This is not meant to be tutorial on the OCaml language itself, but rather on some of the features and libraries of Stanc3 which may not be familiar to developers who do have some OCaml exposure.
We use Jane Street's Core standard library. There are a few differences from the OCaml standard library which are instantly noticeable:
Most higher-order functions such as List.map
take a named function argument.
This means a call like List.map square [1;2;3]
will look like List.map ~f:square [1;2;3]
.
Core defaults to safe operations which return options rather than possibly erring.
In "normal" OCaml, List.hd
has type 'a list -> 'a
. A call List.hd []
will throw an exception. By contrast, in the Jane Street libraries, the same function has type 'a list -> 'a option
.
Usually, a function with the suffix _exn
recovers the original signature, e.g. List.hd_exn : 'a list -> 'a
.
If for some reason you need functionality from the OCaml standard library that is not available in Jane Street (be sure to triple check), you can use the modules Stdlib
and Caml
to access the built-in versions. Currently there is only one such usage in the compiler, to use the standard definition of !=
in the Menhir parser.
There are a few other things we gain from these libraries. The most important idea to understand is deriving.
If you look at a type declaration of something like Ast.typed_expression
, you'll notice something curious after the declaration:
type typed_expression = (typed_expr_meta, fun_kind) expr_with
[@@deriving sexp, compare, map, hash, fold]
When using an editor that supports code completion, you may notice that the Ast
module suggests functions which are not defined in the actual source text. This is because these functions are created at compile time by ppx_deriving
.The above syntax [@@deriving ...]
indicates which functions we would like to be generated.
These are very helpful - if a type derives hash
, it can automatically be used as keys in Jane Street's hash tables, and a type which derives sexp
can be serialized to Lisp-style S-Expressions. Most of our major types derive at least one function.
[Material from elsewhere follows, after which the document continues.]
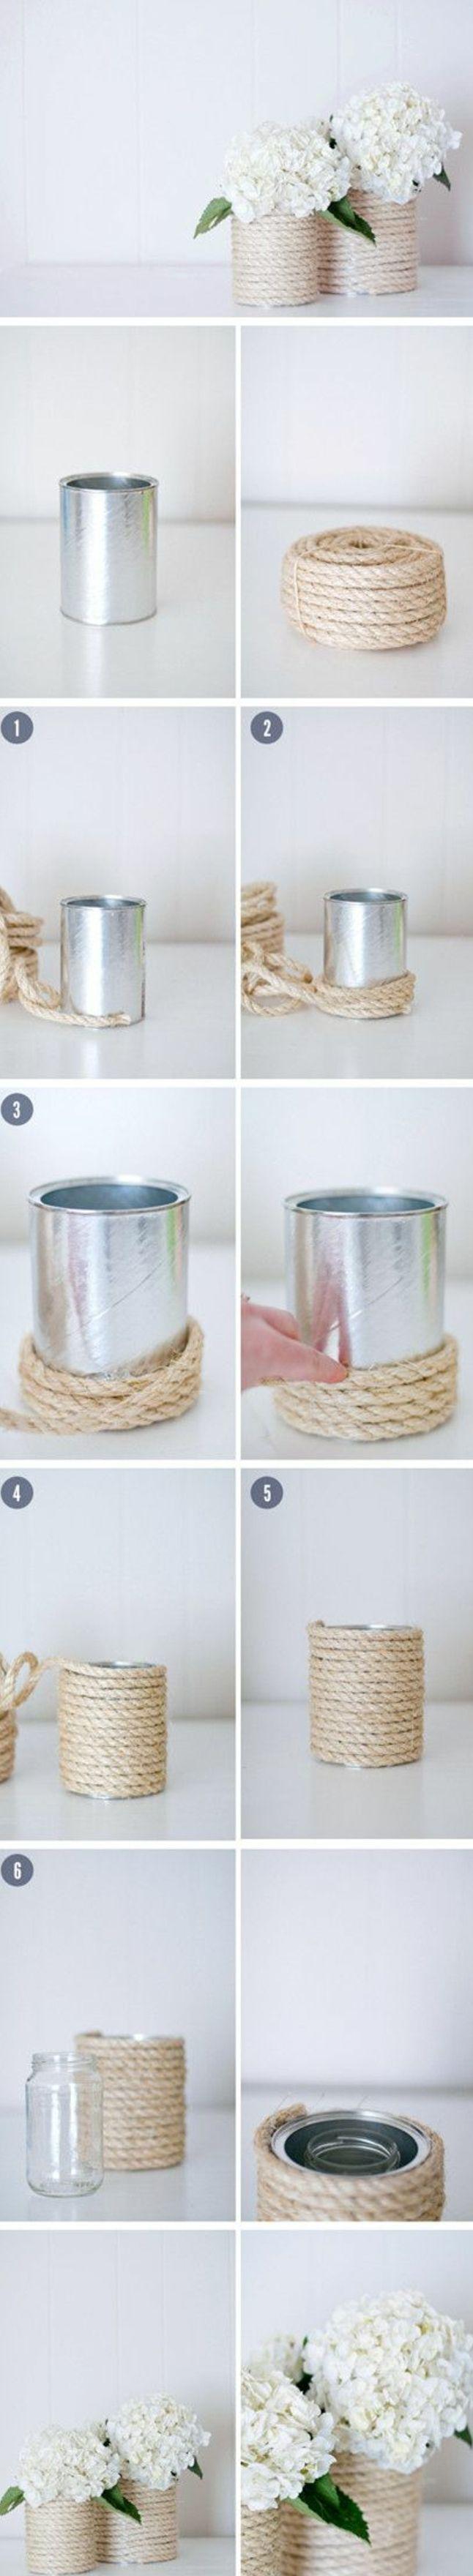 vase-de-fleur-fabriqué-à-partir-de-boite-de-conserve-customisée-a-la-corde-enroulée-autour-idée-de-projet-bricolage-facile-cadeau-pour-sa-maman-a-fabriquer-facilement-tutoriel
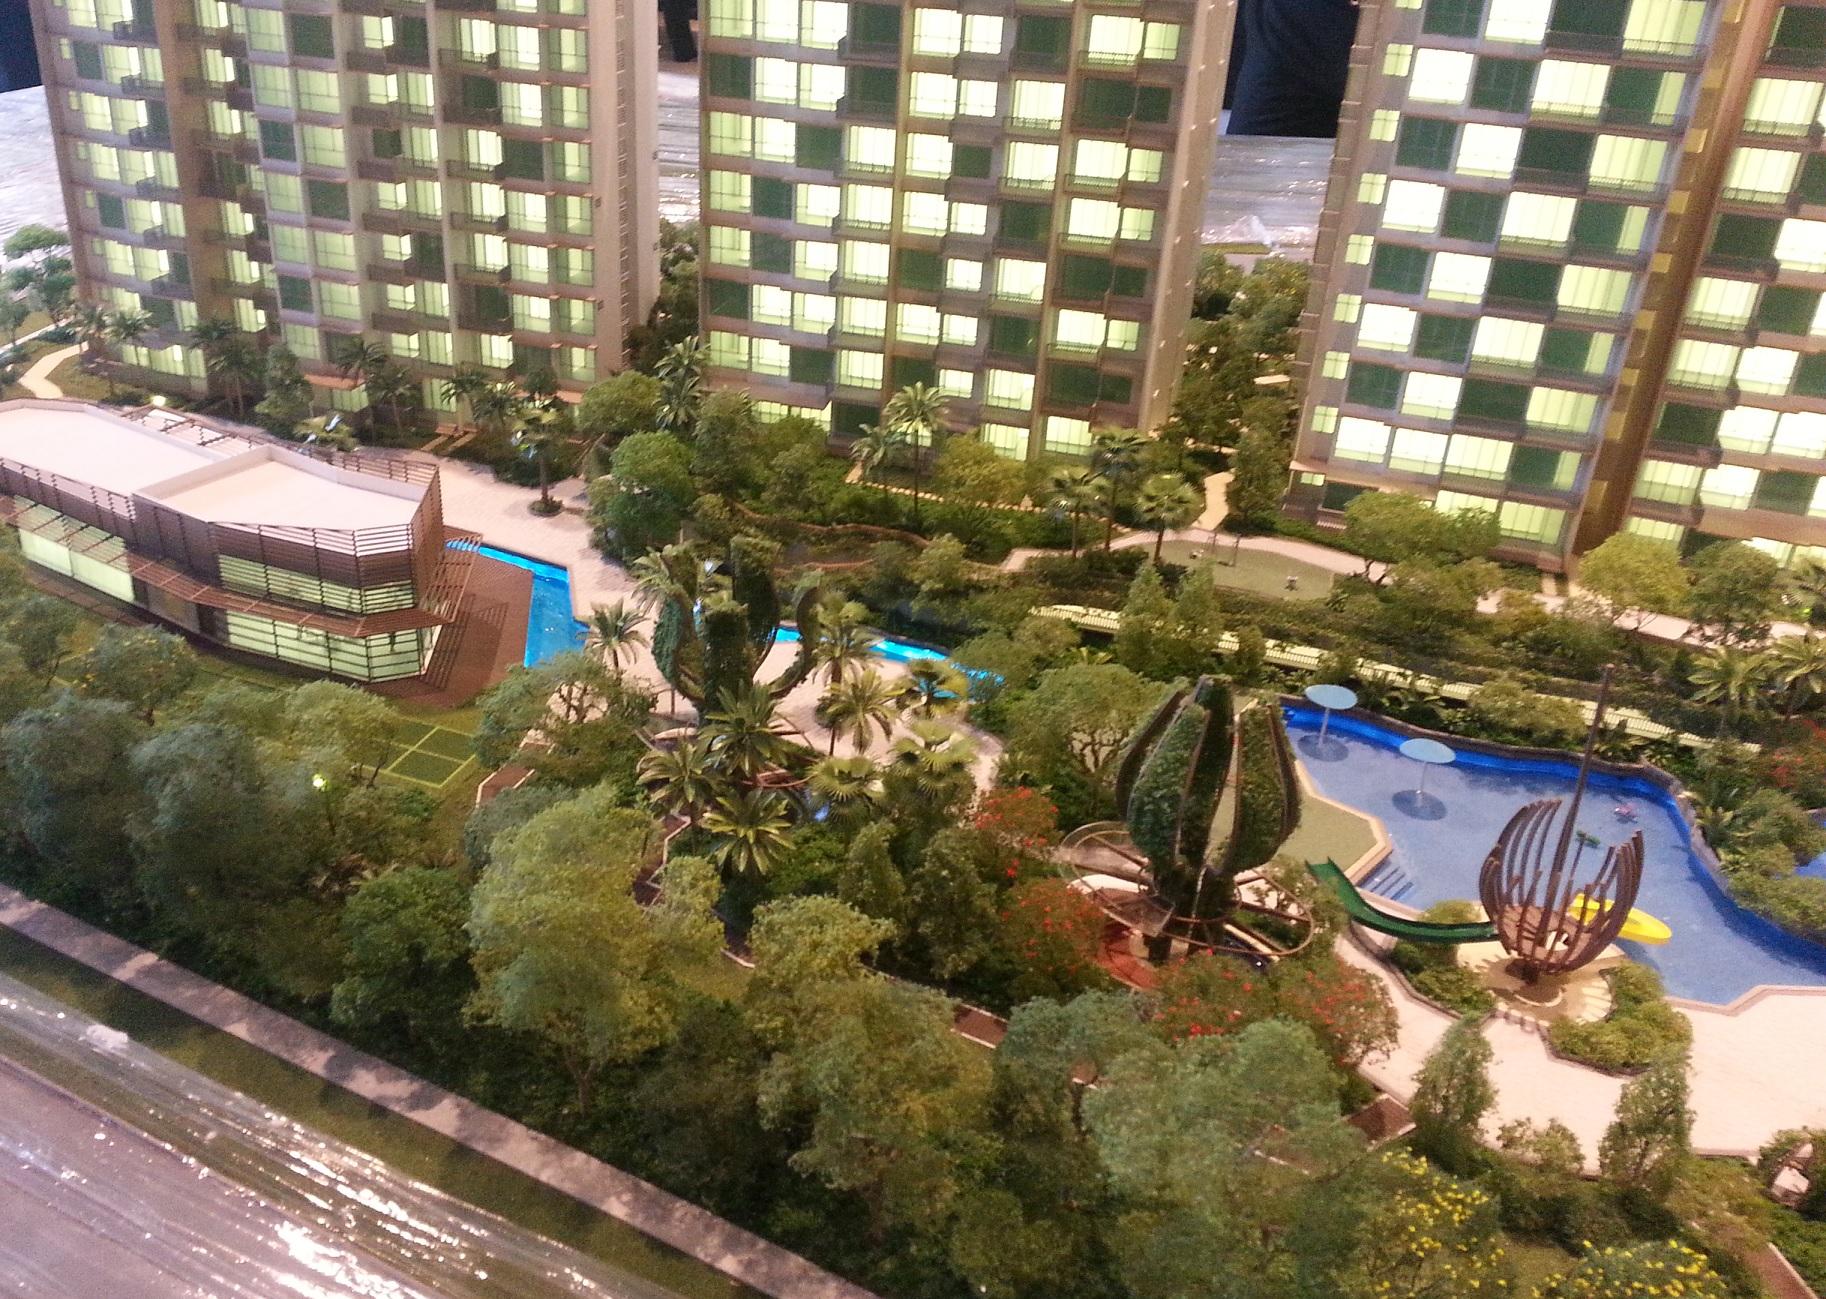 Condo facilities perspective 2

The other curious thing about the types we define in our AST and MIR is that they use a trick known as "two level types". This allows re-using the same type structure with different amounts of metadata attached (e.g., before type checking we have an untyped_program
which only has nodes and their source locations, after type checking we have typed_program
which features nodes, locations, and types, in the same basic tree structure.
The way that this is implemented is a bit non-obvious at first. Essentially, many of the tree variant types are parameterized by something that ends up being a placeholder not for just metadata but for the recursive type including metadata, sometimes called the fixed point. So instead of recursively referencing expression
, you would instead reference type parameter 'e
, which will later be filled in with something like type expr_with_meta = metadata expression
.
This takes some getting used to, and also can lead to some unhelpful type signatures in editors such as VSCode, because abbreviations are not always used in hover-over text. For example, Expr.Typed.t
, the MIR's typed expression type, actually has a signature of Expr.Typed.Meta.t Expr.Fixed.t
.
Fmt
library and pretty-printingWe extensively use the Fmt library for our pretty-printing and code generation. We have an existing guide on the wiki which covers the core ideas.